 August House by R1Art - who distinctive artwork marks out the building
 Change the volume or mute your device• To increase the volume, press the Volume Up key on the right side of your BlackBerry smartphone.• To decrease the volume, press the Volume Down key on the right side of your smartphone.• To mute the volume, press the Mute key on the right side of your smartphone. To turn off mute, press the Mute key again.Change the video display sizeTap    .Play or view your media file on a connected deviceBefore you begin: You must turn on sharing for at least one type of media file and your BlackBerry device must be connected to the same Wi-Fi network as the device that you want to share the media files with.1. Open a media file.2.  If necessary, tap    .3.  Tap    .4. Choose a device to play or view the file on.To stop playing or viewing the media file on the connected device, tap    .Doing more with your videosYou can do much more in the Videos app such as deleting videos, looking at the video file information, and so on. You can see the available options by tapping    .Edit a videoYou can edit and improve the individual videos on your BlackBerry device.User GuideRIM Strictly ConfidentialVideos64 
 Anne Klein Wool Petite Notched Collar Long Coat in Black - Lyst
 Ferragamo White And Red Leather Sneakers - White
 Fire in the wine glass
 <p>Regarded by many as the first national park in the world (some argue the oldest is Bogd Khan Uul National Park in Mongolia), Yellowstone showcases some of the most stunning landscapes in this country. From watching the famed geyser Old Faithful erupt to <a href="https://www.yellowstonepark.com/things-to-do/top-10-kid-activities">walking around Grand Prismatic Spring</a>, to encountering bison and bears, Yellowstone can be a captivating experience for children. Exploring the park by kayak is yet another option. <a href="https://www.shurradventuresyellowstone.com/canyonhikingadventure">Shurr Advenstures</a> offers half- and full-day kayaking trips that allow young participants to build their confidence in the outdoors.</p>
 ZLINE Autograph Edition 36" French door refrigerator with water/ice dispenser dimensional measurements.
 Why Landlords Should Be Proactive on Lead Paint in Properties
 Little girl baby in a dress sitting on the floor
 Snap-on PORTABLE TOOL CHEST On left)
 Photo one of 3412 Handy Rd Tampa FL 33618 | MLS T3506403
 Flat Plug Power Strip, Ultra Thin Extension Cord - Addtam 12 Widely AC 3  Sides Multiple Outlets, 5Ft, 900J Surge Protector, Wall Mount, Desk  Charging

= = =

Required work.
Return each entry from above without altering a single character.

Result of this exercise.
 August House by R1Art - who distinctive artwork marks out the building
 Change the volume or mute your device• To increase the volume, press the Volume Up key on the right side of your BlackBerry smartphone.• To decrease the volume, press the Volume Down key on the right side of your smartphone.• To mute the volume, press the Mute key on the right side of your smartphone. To turn off mute, press the Mute key again.Change the video display sizeTap    .Play or view your media file on a connected deviceBefore you begin: You must turn on sharing for at least one type of media file and your BlackBerry device must be connected to the same Wi-Fi network as the device that you want to share the media files with.1. Open a media file.2.  If necessary, tap    .3.  Tap    .4. Choose a device to play or view the file on.To stop playing or viewing the media file on the connected device, tap    .Doing more with your videosYou can do much more in the Videos app such as deleting videos, looking at the video file information, and so on. You can see the available options by tapping    .Edit a videoYou can edit and improve the individual videos on your BlackBerry device.User GuideRIM Strictly ConfidentialVideos64 
 Anne Klein Wool Petite Notched Collar Long Coat in Black - Lyst
 Ferragamo White And Red Leather Sneakers - White
 Fire in the wine glass
 <p>Regarded by many as the first national park in the world (some argue the oldest is Bogd Khan Uul National Park in Mongolia), Yellowstone showcases some of the most stunning landscapes in this country. From watching the famed geyser Old Faithful erupt to <a href="https://www.yellowstonepark.com/things-to-do/top-10-kid-activities">walking around Grand Prismatic Spring</a>, to encountering bison and bears, Yellowstone can be a captivating experience for children. Exploring the park by kayak is yet another option. <a href="https://www.shurradventuresyellowstone.com/canyonhikingadventure">Shurr Advenstures</a> offers half- and full-day kayaking trips that allow young participants to build their confidence in the outdoors.</p>
 ZLINE Autograph Edition 36" French door refrigerator with water/ice dispenser dimensional measurements.
 Why Landlords Should Be Proactive on Lead Paint in Properties
 Little girl baby in a dress sitting on the floor
 Snap-on PORTABLE TOOL CHEST On left)
 Photo one of 3412 Handy Rd Tampa FL 33618 | MLS T3506403
 Flat Plug Power Strip, Ultra Thin Extension Cord - Addtam 12 Widely AC 3  Sides Multiple Outlets, 5Ft, 900J Surge Protector, Wall Mount, Desk  Charging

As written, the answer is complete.